%%

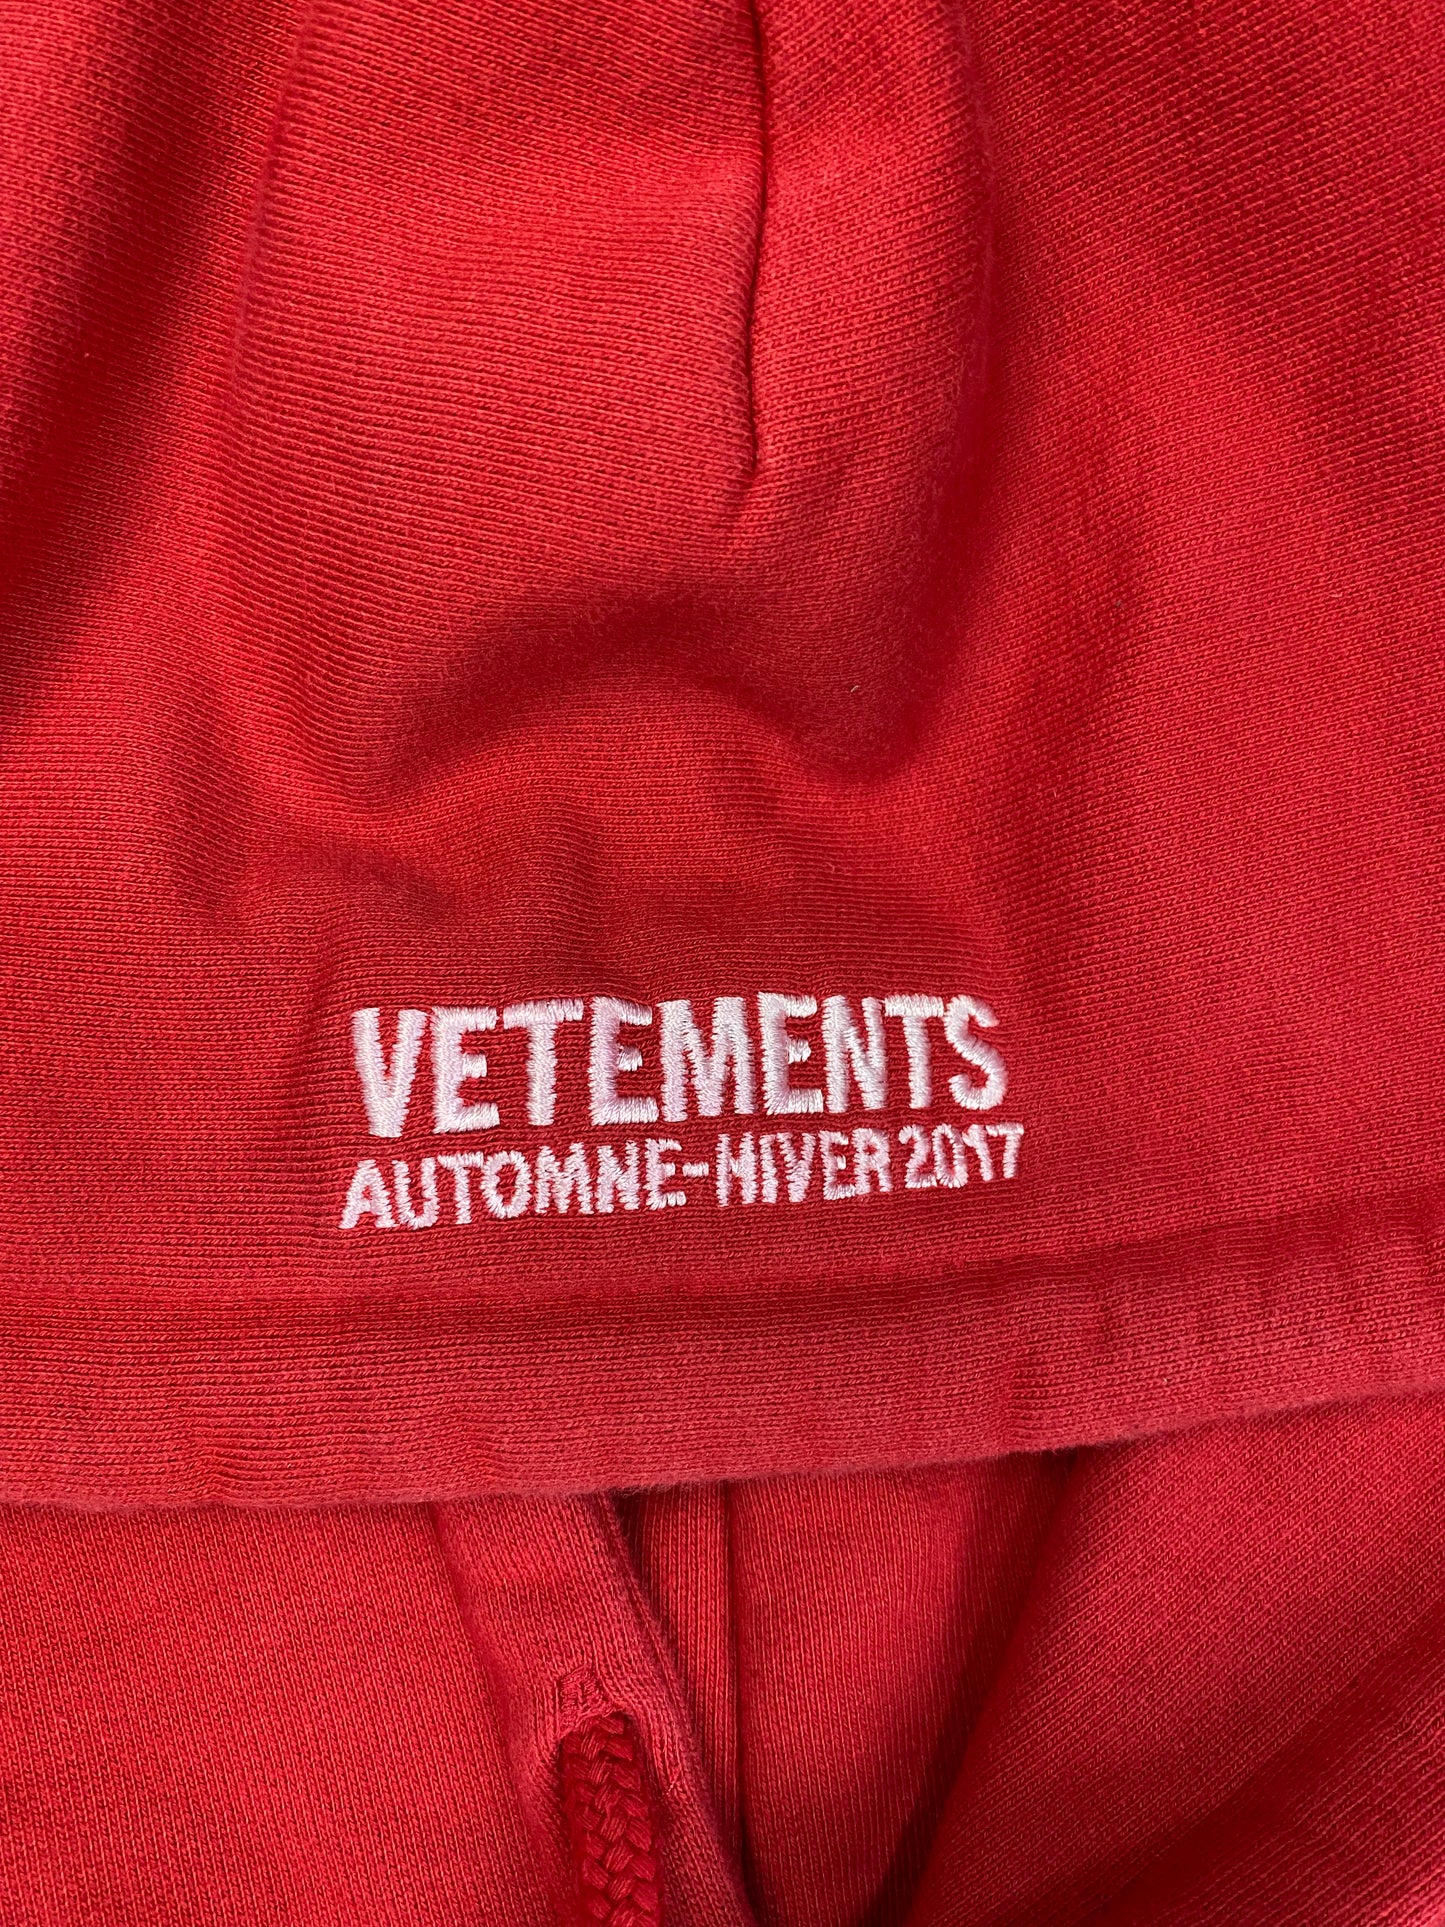 Vetements Seoul Exclusive oversized OG METAL hoodie in red SZ:XS|M
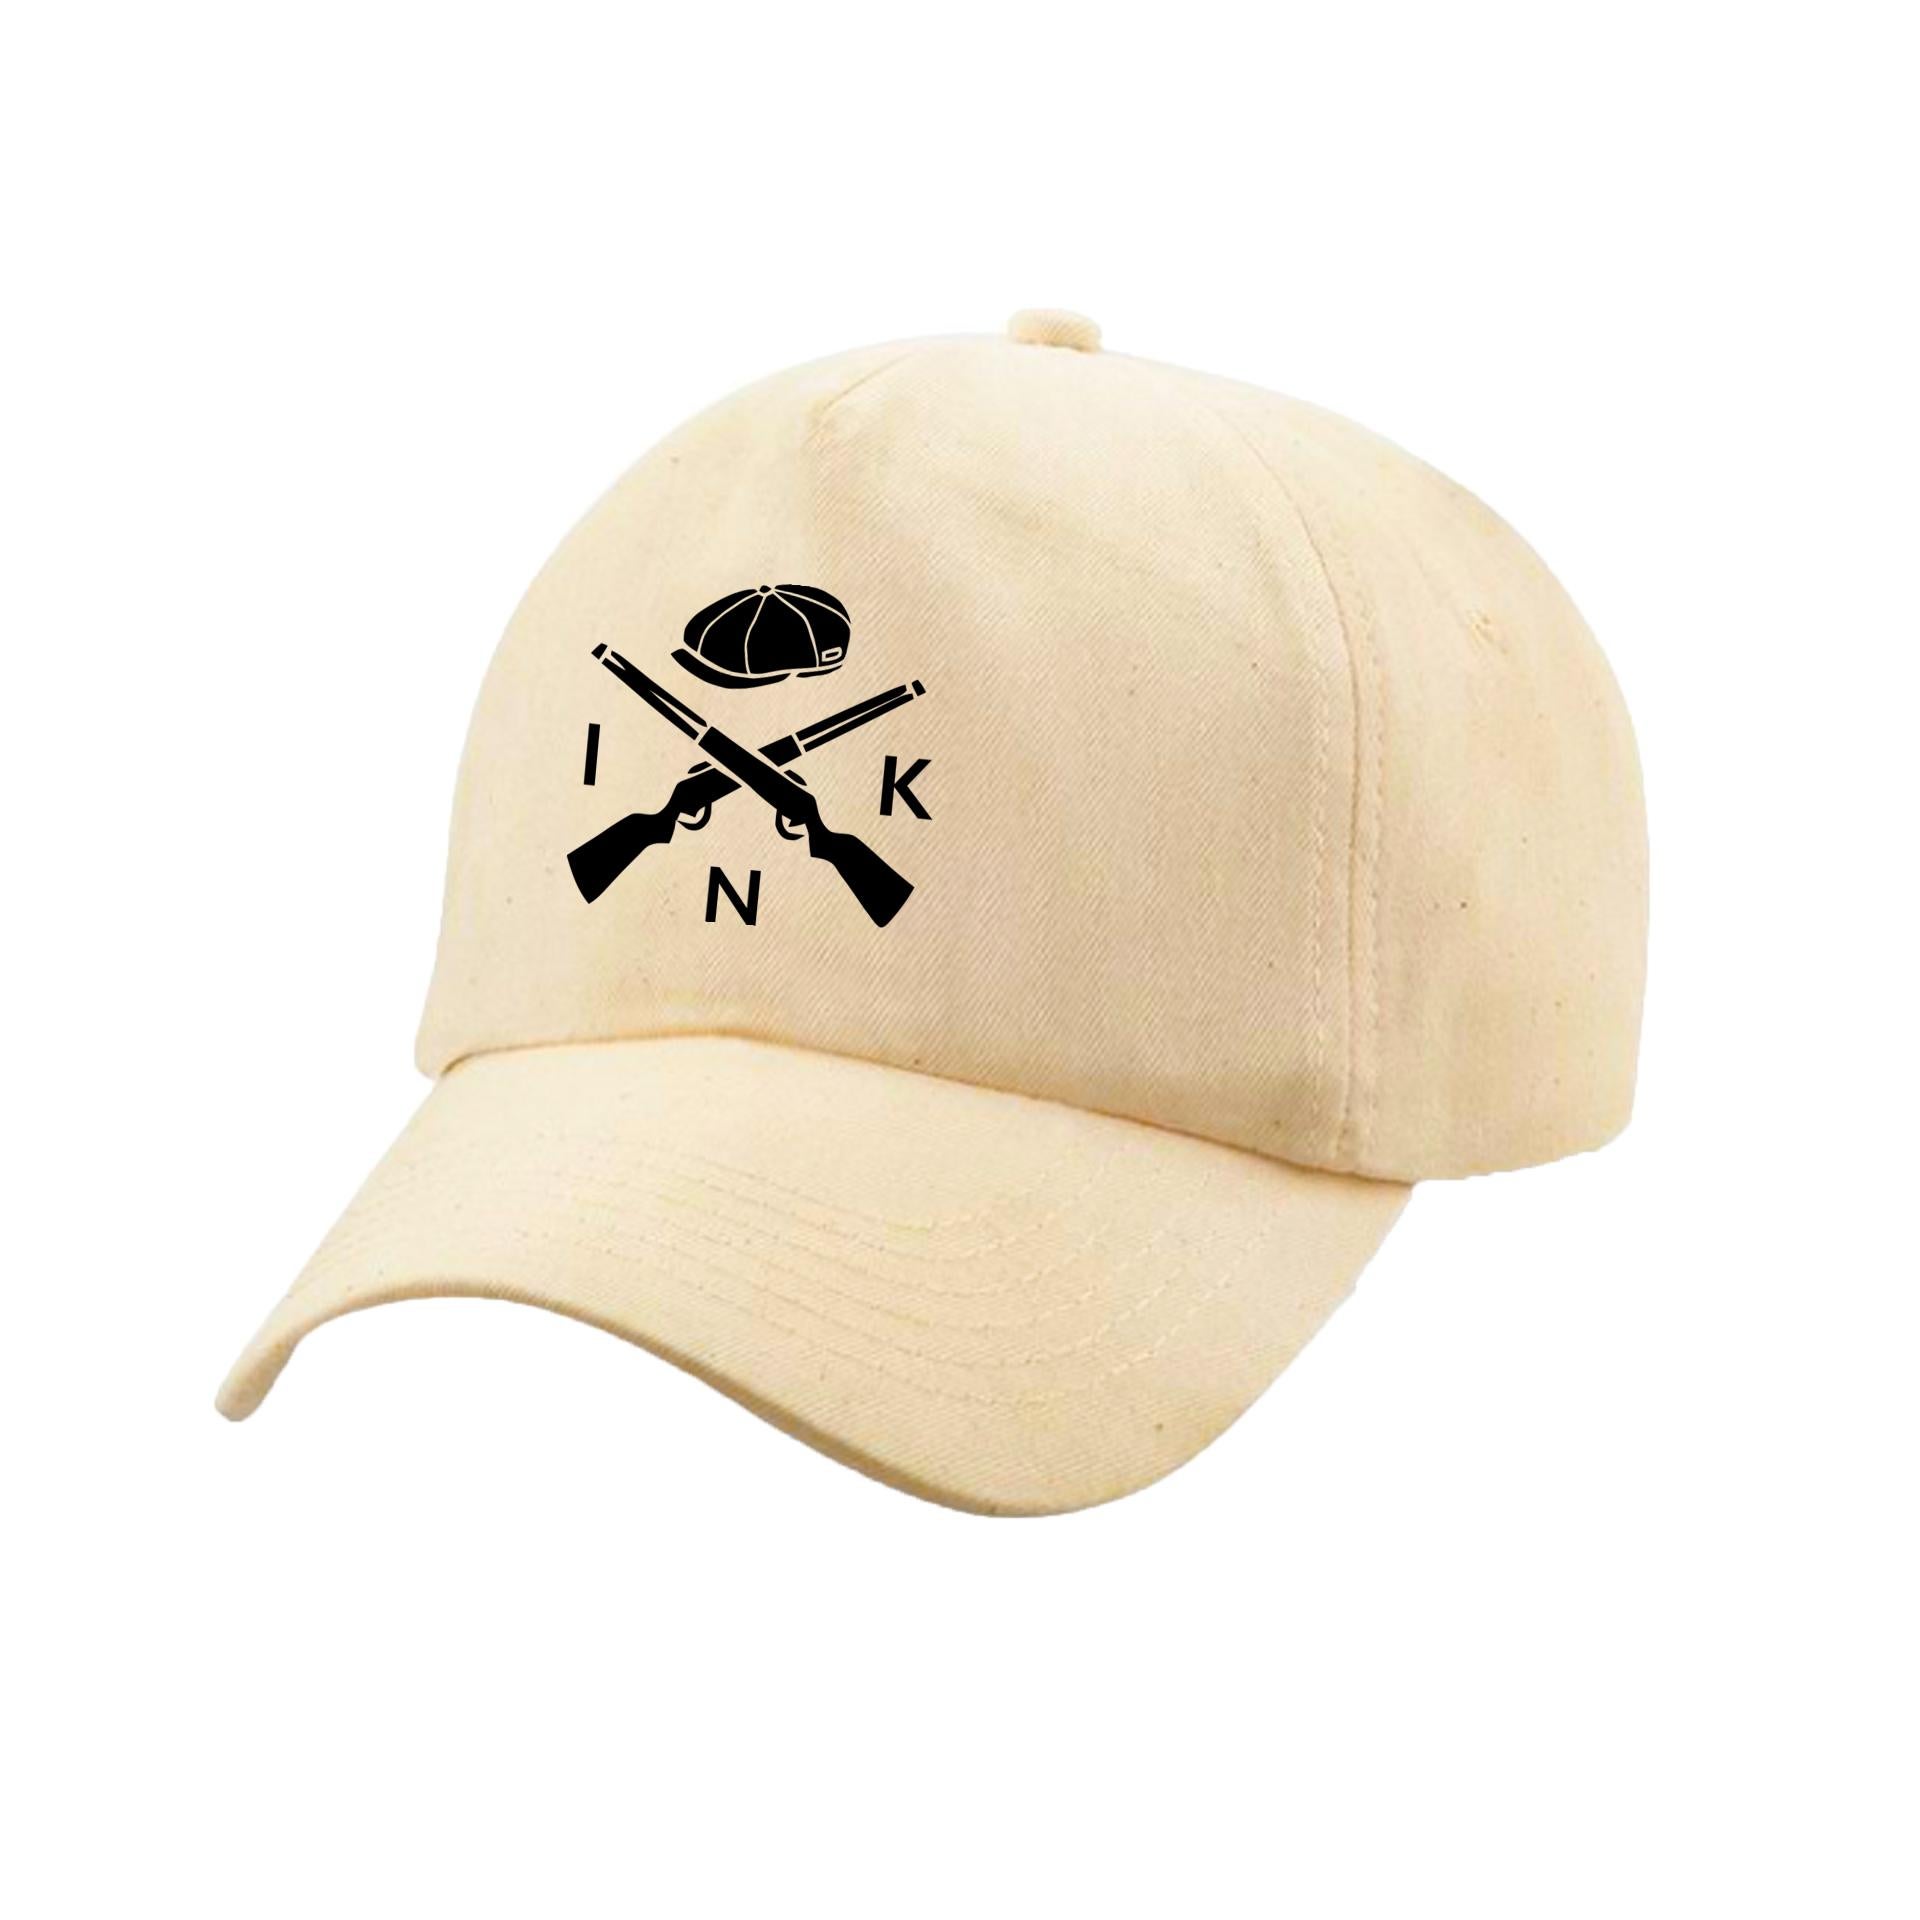 White Ivory hat cap NWOT
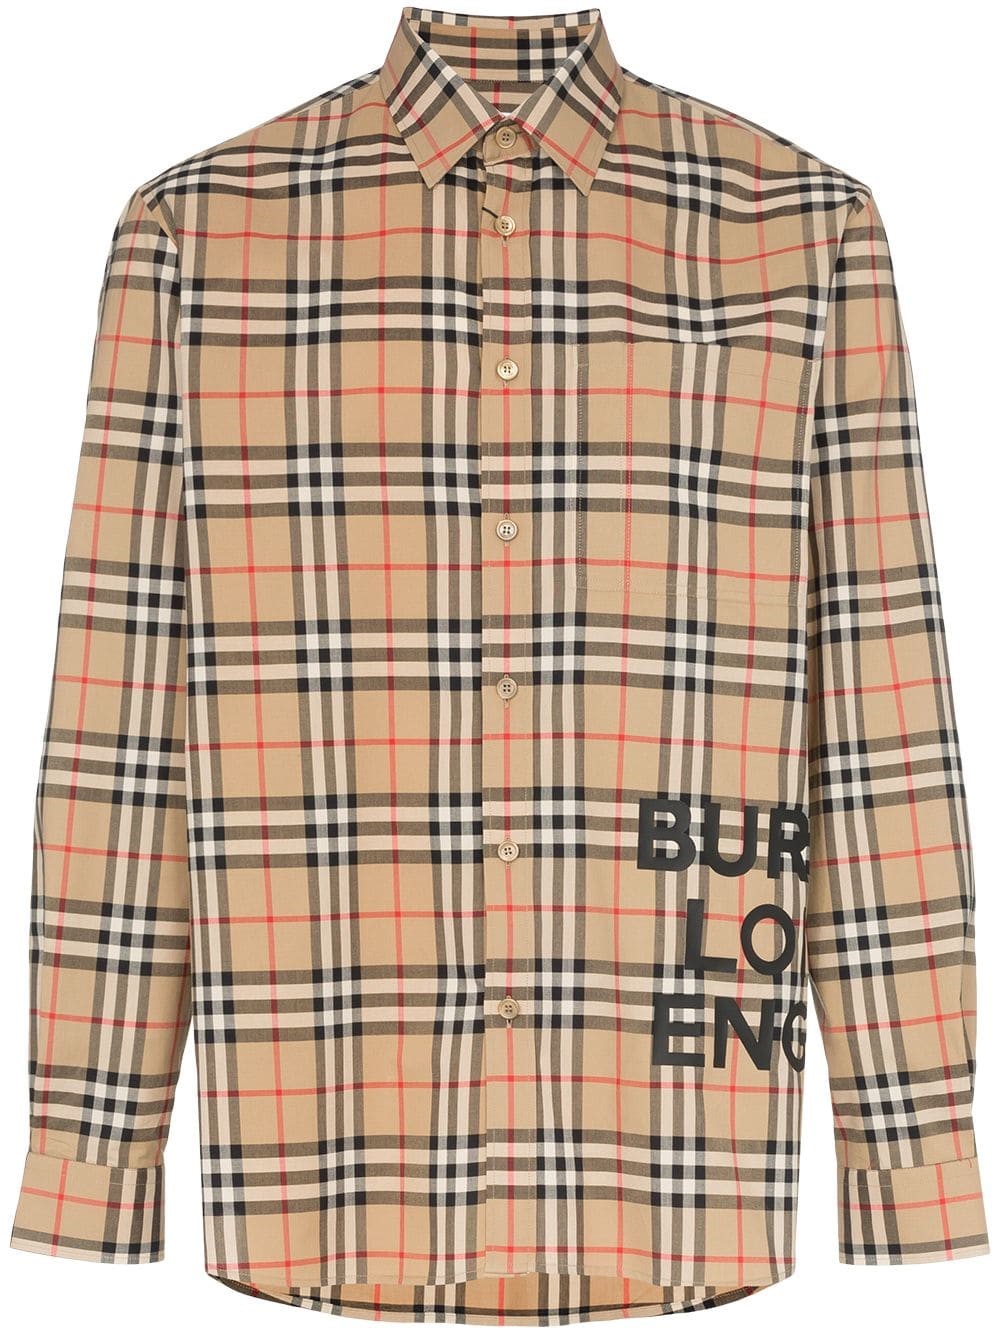 burberry check shirt

%%

» What to do
When you copy the data, keep every line exact and drop the pictures.

» Response to this task
 Vetements Seoul Exclusive oversized OG METAL hoodie in red SZ:XS|M
 White Ivory hat cap NWOT
 burberry check shirt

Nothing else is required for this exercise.